To woodpile:  Ace Hardware less than $10 per 5ft.   And in Canada today I paid $9 per 5ft rod.

These rods are fibergrass,I like them cause of there dexterity.  Look around before you buy!!


----------



## woodpile (Jan 30, 2008)

sonnyinbc:
Can you tell me who makes the fiberglass rods you bought? What is the diameter, and will is really make the bend from the floor to the stove pipe? If you grab both ends and bend, what radius can you get before it feels like too much? Since my stove is in my fireplace, there is no telescoping disconnect, so I would be entering the flue at about 2'6" off the floor.


----------



## Gooserider (Jan 30, 2008)

woodpile said:
			
		

> sonnyinbc:
> Can you tell me who makes the fiberglass rods you bought? What is the diameter, and will is really make the bend from the floor to the stove pipe? If you grab both ends and bend, what radius can you get before it feels like too much? Since my stove is in my fireplace, there is no telescoping disconnect, so I would be entering the flue at about 2'6" off the floor.

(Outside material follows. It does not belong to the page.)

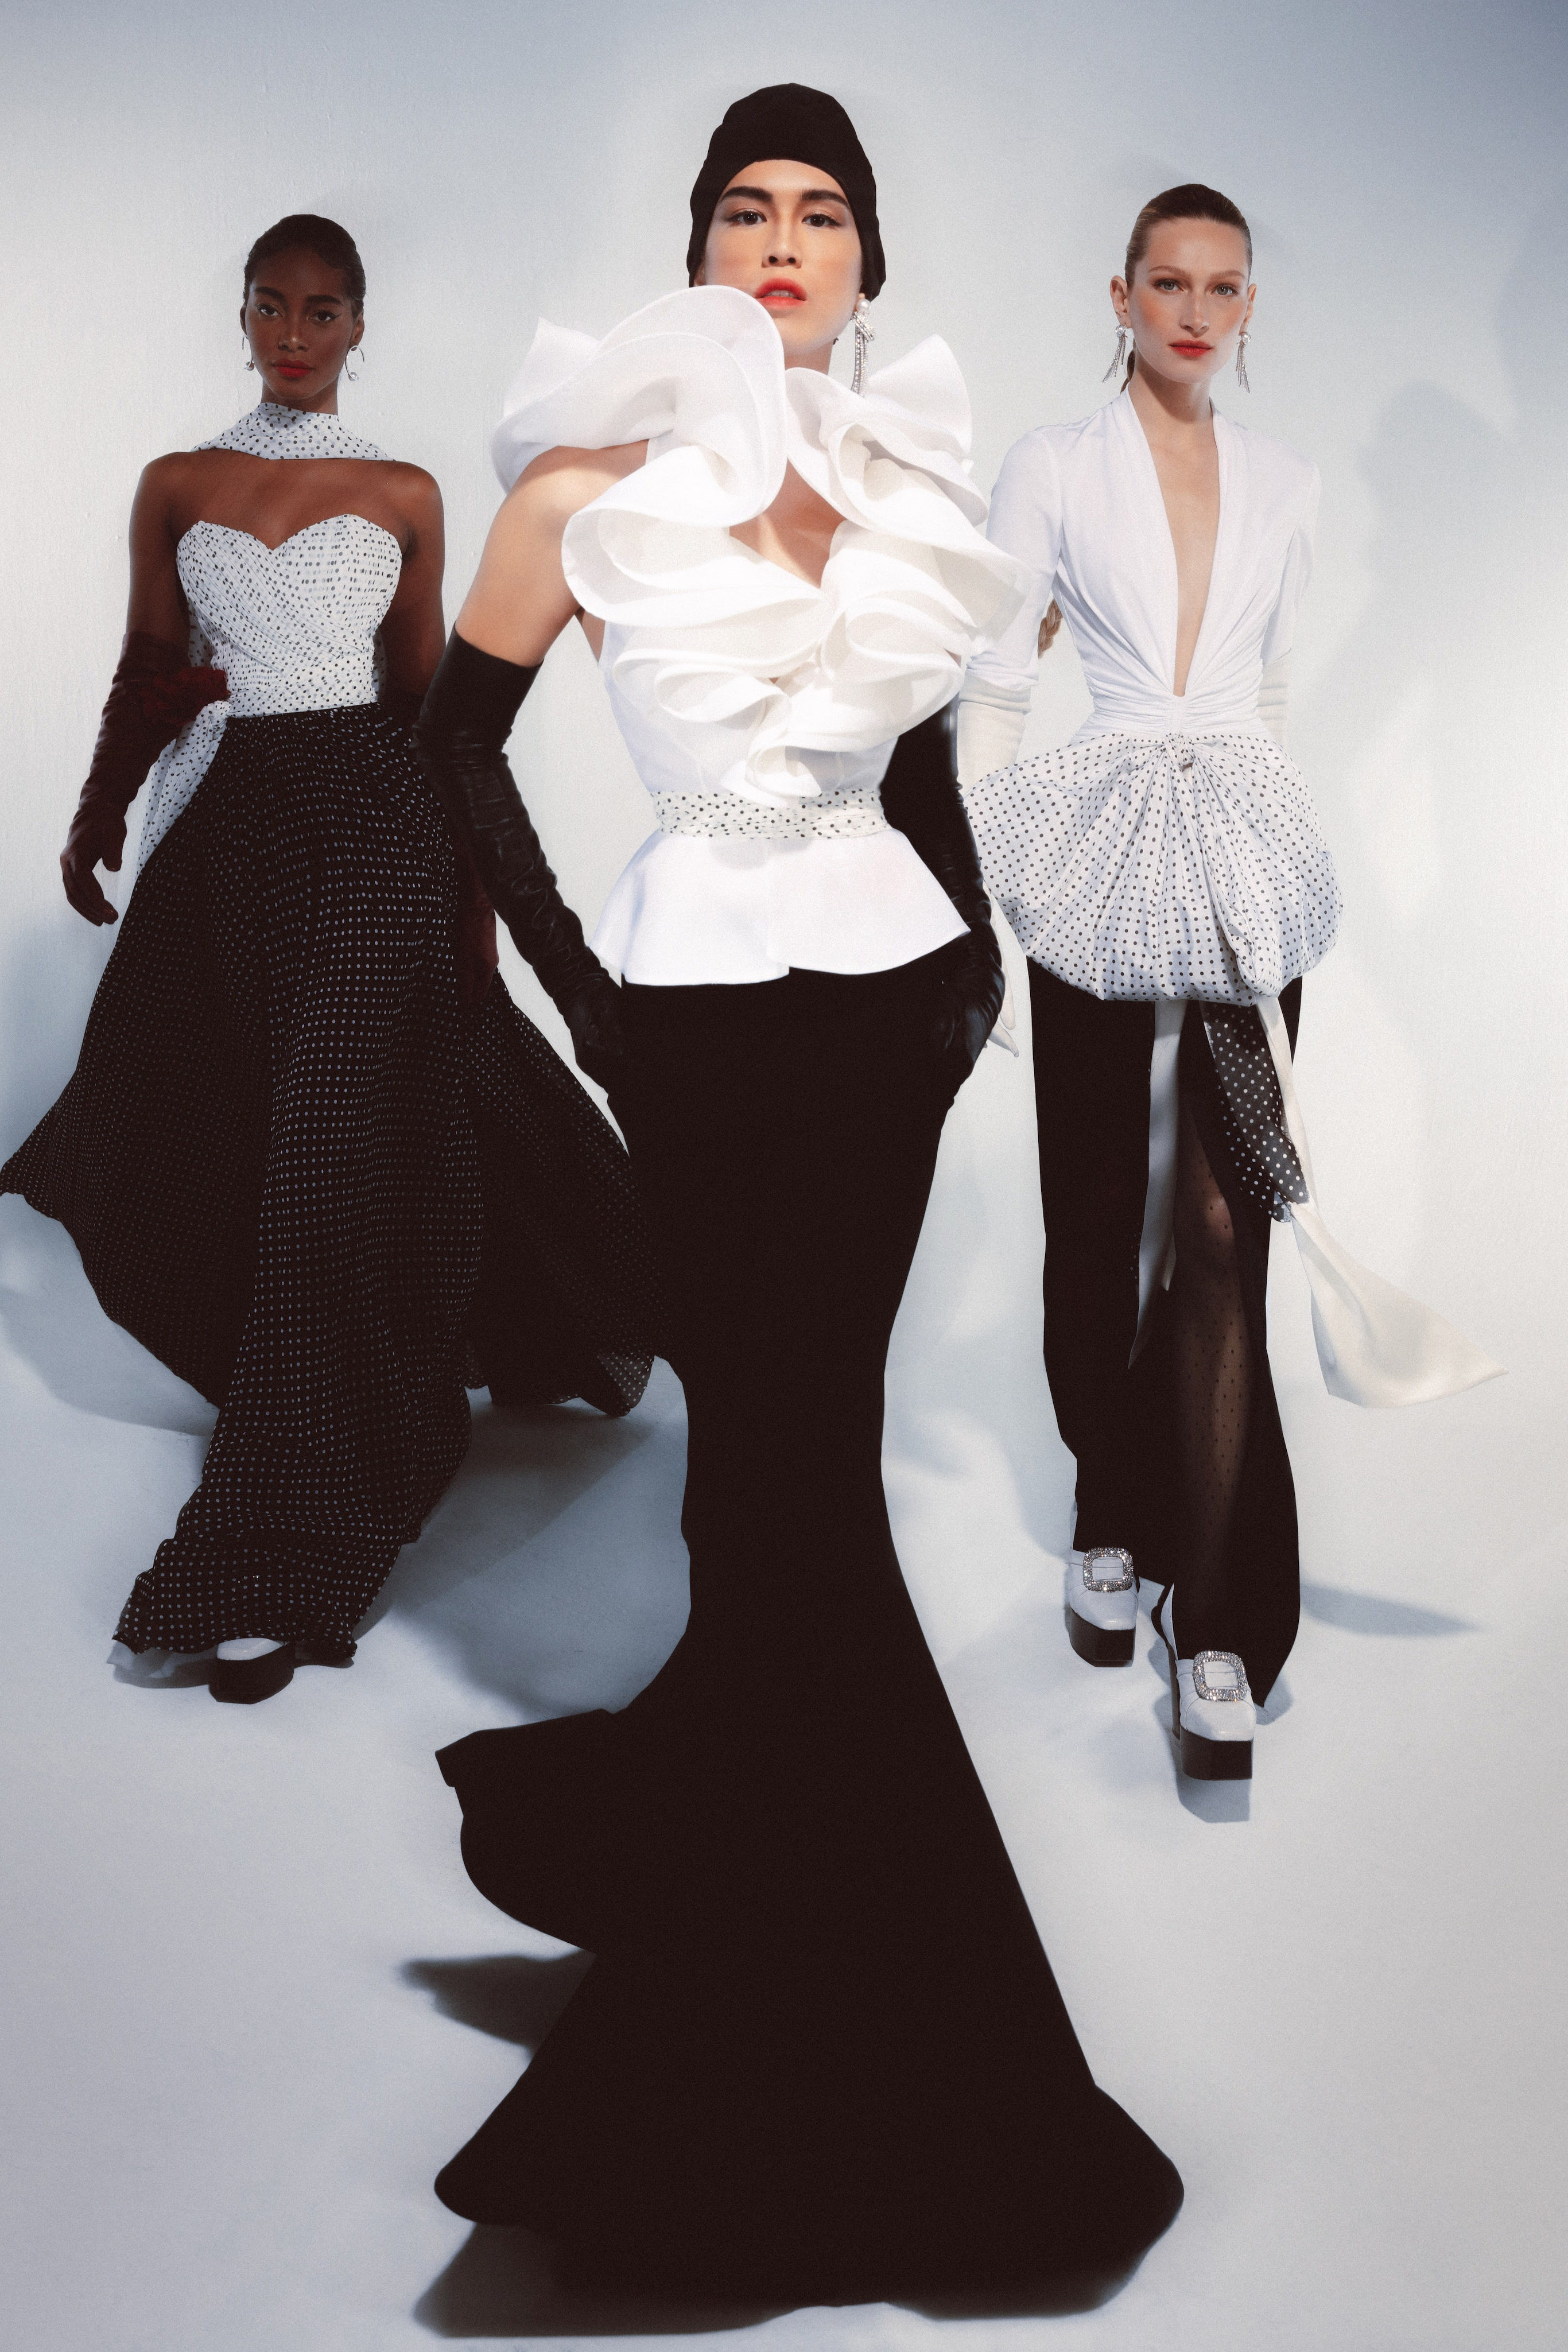 nyfw-new-york-fashion-week-fw21-february-2021-best-looks--highlights

My PVC electrical conduits are nominal 1/2" or 3/4" size, and I can easily bend them into about a 12-18" radius without much trouble...  I have to make a right angle turn to get the brush headed up the "T" of my chimney in the space between the floor and the "T" bottom, with the "T" sticking out the back of my rear-exit stove...  

If you search back, you can find a thread from last spring where I cleaned the chimney on my old stove, with pictures showing the bend I had to make.  I have a different stove now, but the setups about the same, and I anticipate just as much of a challenge to clean it this spring.

I tried flexing the fiberglass rods I found in a few stores, and while I didn't want to push them too hard (they weren't mine, and I didn't want to risk breaking them) they did not feel like they had as much flex as my conduits.  I also think it's a plus that I only have a joint every 10' with the conduits, as every joint represents a stiff spot, and an area of potential failure.

Gooserider


----------



## RedRanger (Jan 30, 2008)

Woodpile:  Sorry I don`t know who makes the rods I bought. I just picked them out of a bin and just now finished looking to see if there is a brand name or something on them and there isn`t.  Only thing I can say is they are yellow which is probably no help to you at all.

My chimney has an offset at the bottom and I had no problem getting the rods thru that.


----------



## BrotherBart (Jan 30, 2008)

I bought my rods in the duct work department at Lowe's last year. I saw more there last week. They were $4.88 a four foot section and are made by CFM Home Products in Missouri.


----------



## woodpile (Feb 20, 2008)

I made something like what Gooserider suggested, using 25' long piece of 3/4" PEX tubing, an Ander-lign coupler and a 3/8 to 1/4" NPT adapter. Works fine, but there is a bend or something that I doubt any setup would get past. I will try pruning my poly brush or use a steel one.


----------